Backed by a pool of capable domestic businesses and SMEs in the home market, multinational corporations would be keen to expand existing operations and set up new plants in an environment where the existing ecosystem is able to support their operations, especially since our domestic players are capable of integrating with high-value added global supply chains.

Domestic indigenous industries are the backbone of Malaysia’s investment and industrial development. They are deep rooted in Malaysia and here to stay, and hence, should be given further investment facilitation at the federal, state and local authorities in a coordinated manner.

Time is of the essence for investors to secure a fast and quick approval of their investment applications and the resolve of matters, including operational issues relating to doing business.

The departments and agencies at all levels (federal, state and local authorities) play a decisive role in creating a predictable enabling business investment environment while efficiently facilitating investment at ease, regardless of domestic investors/companies (large, SMEs and small businesses) and foreign investors.

A renewed focus on improving the regulatory and investment facilitation offers the key to reducing friction costs in government-business interactions. Common government-to-business pain points are delays; lack of transparency in the approval process; paperwork burden; duplication; inconsistency and complexity. While most businesses would welcome fewer regulations, what they really want is to spend less time and effort on compliance.

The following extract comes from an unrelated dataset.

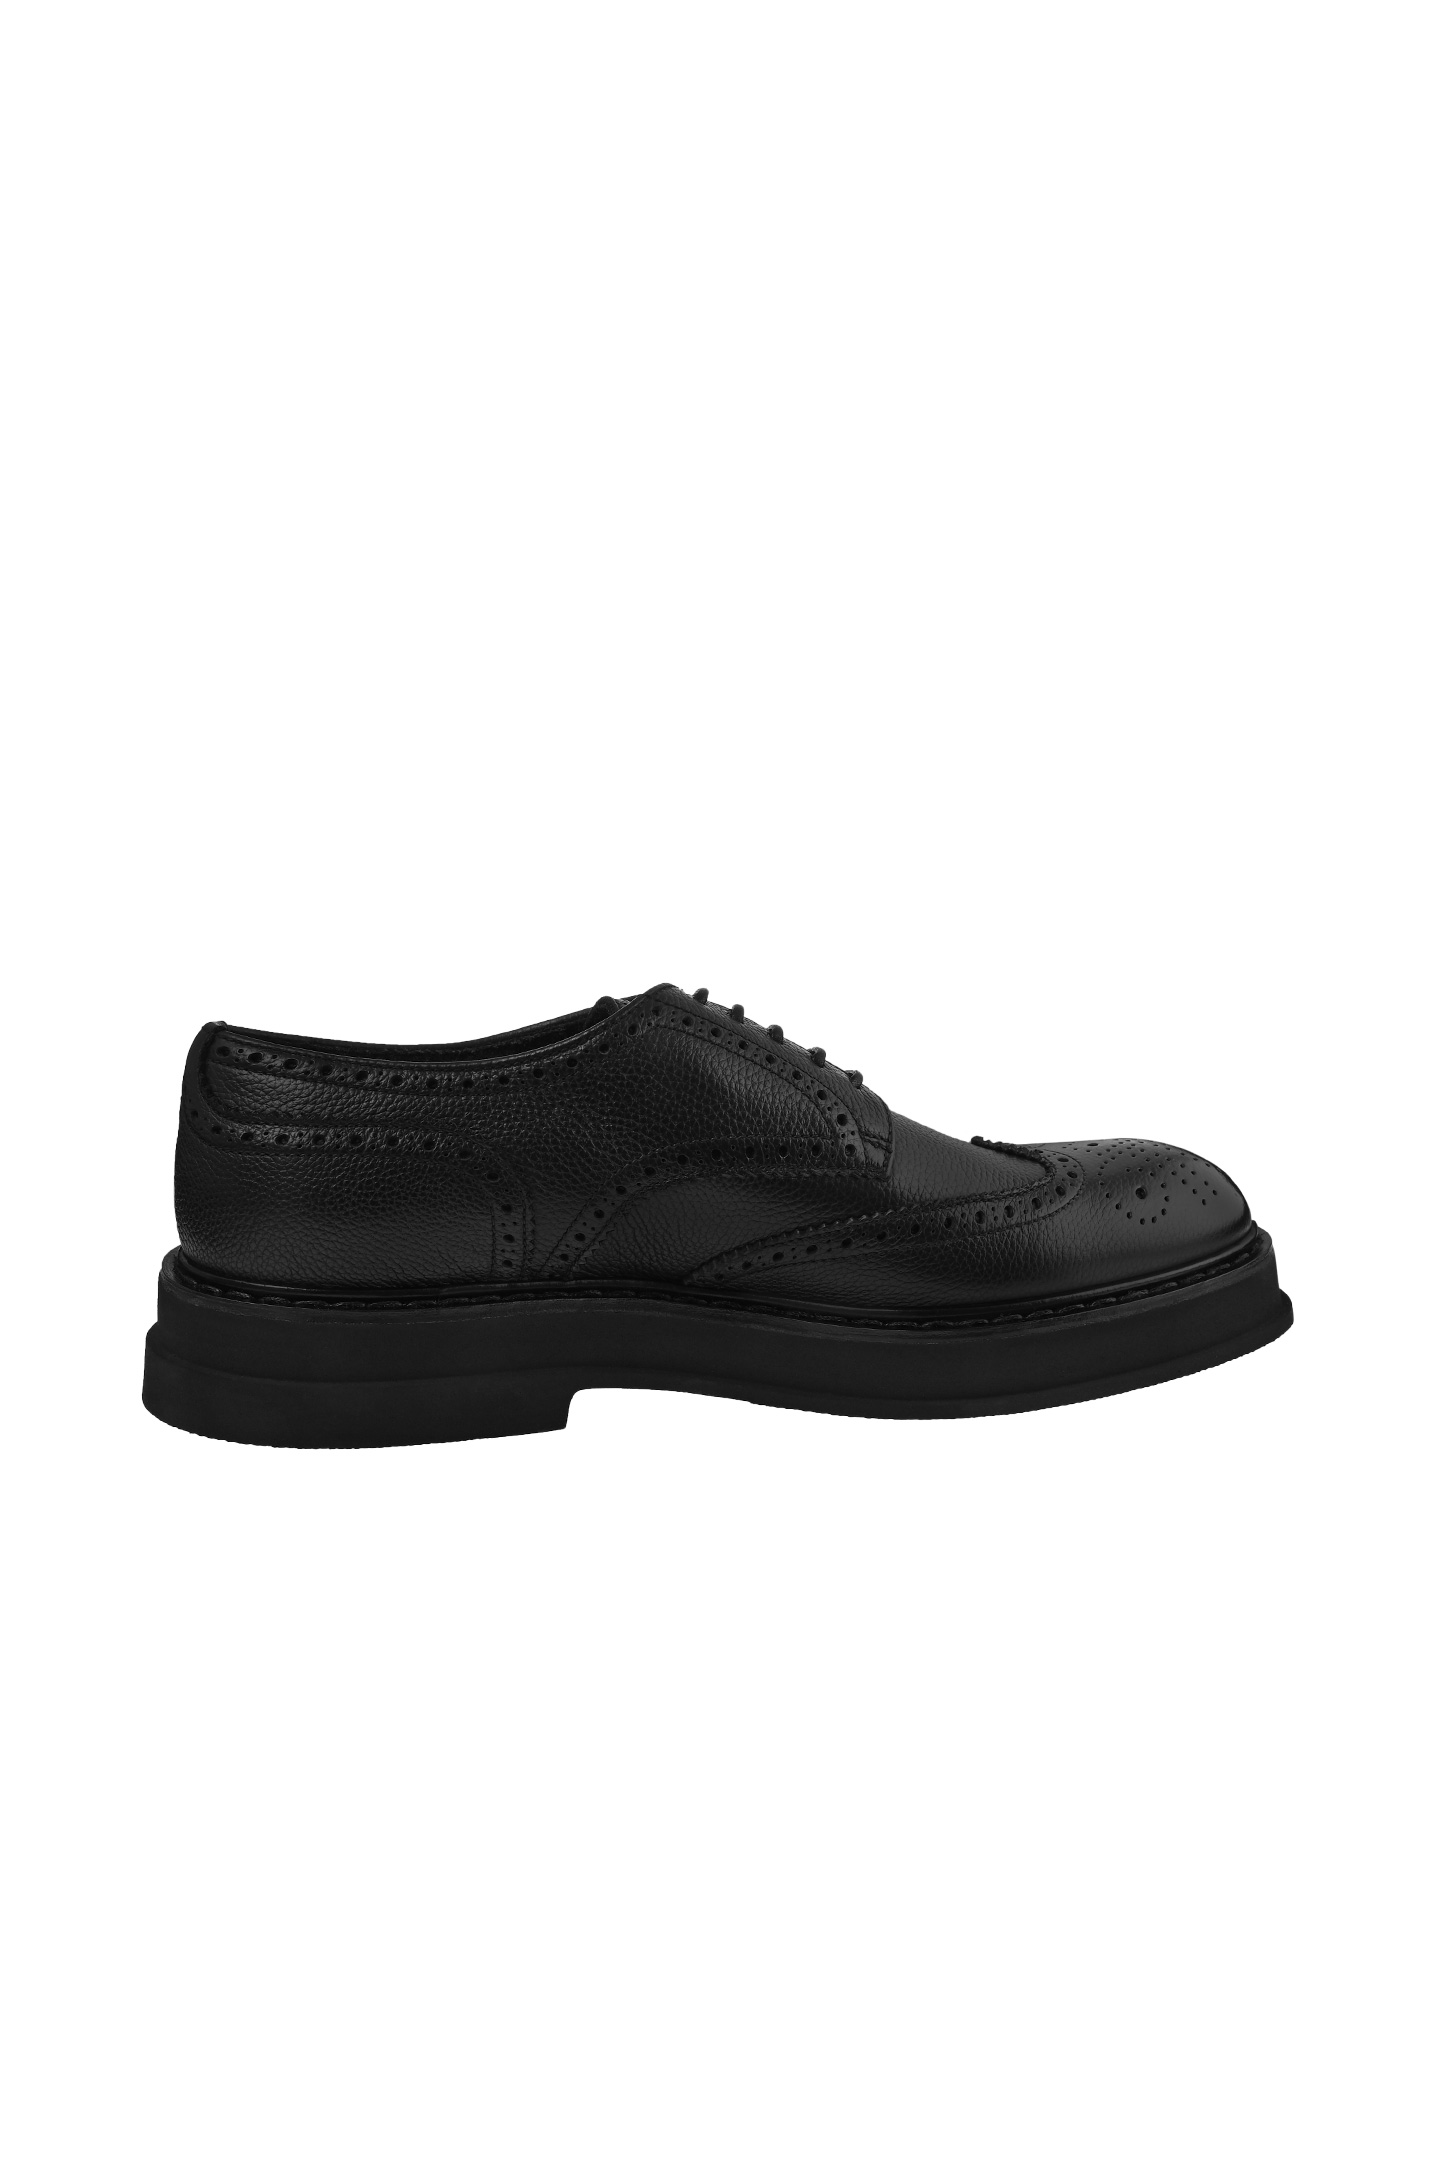 Туфли DOUCAL'S DU1367CUBOUT019, цвет: Черный, Мужской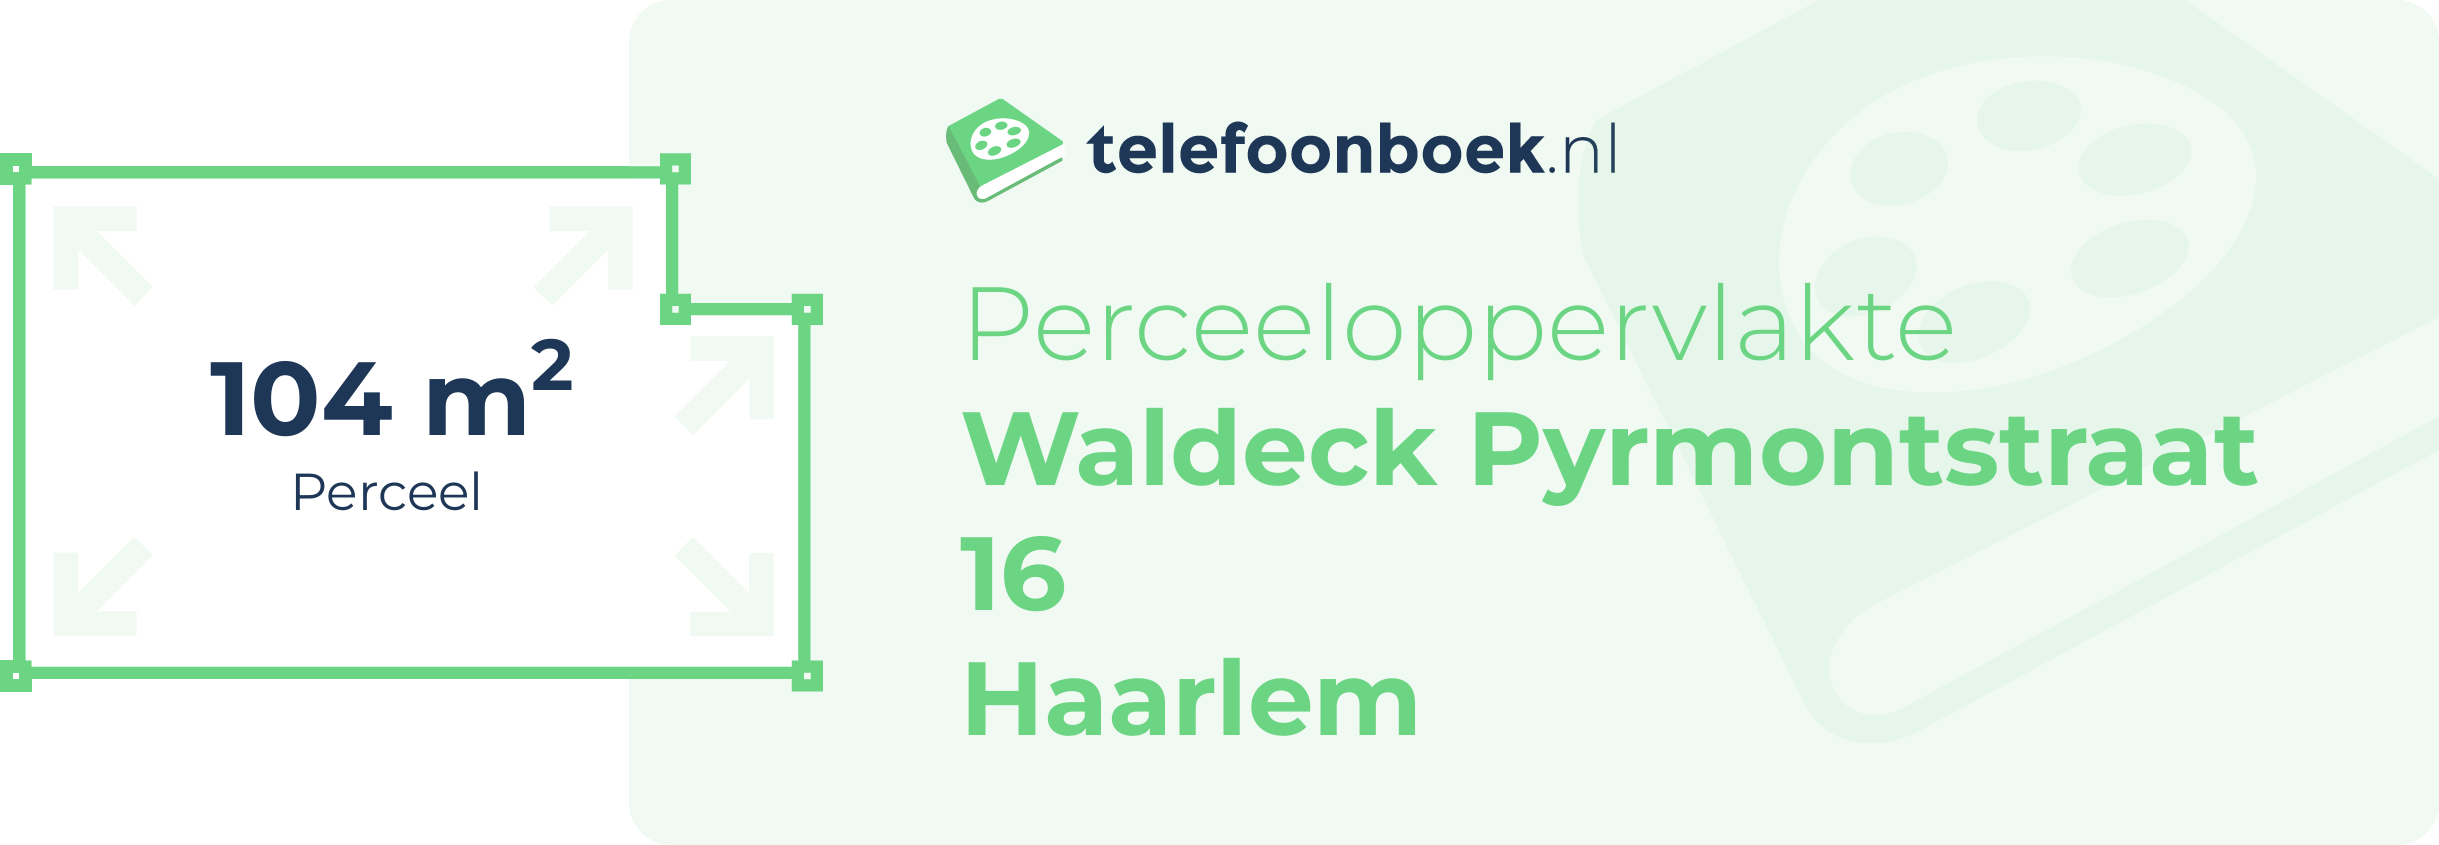 Perceeloppervlakte Waldeck Pyrmontstraat 16 Haarlem

There is widespread agreement that the federal, state and local authorities need to refocus on removing the obstacles that businesses face in fostering an environment conducive to investing and doing business here.

It’s in the government’s interest to make regulations and compliance as painless as possible. Policymakers must harness the power of investment by making both domestic and foreign investment work together to generate the maximum benefits for our economy.

Lee Heng Guie is the executive director of Socio-Economic Research Centre. The views expressed here are his own.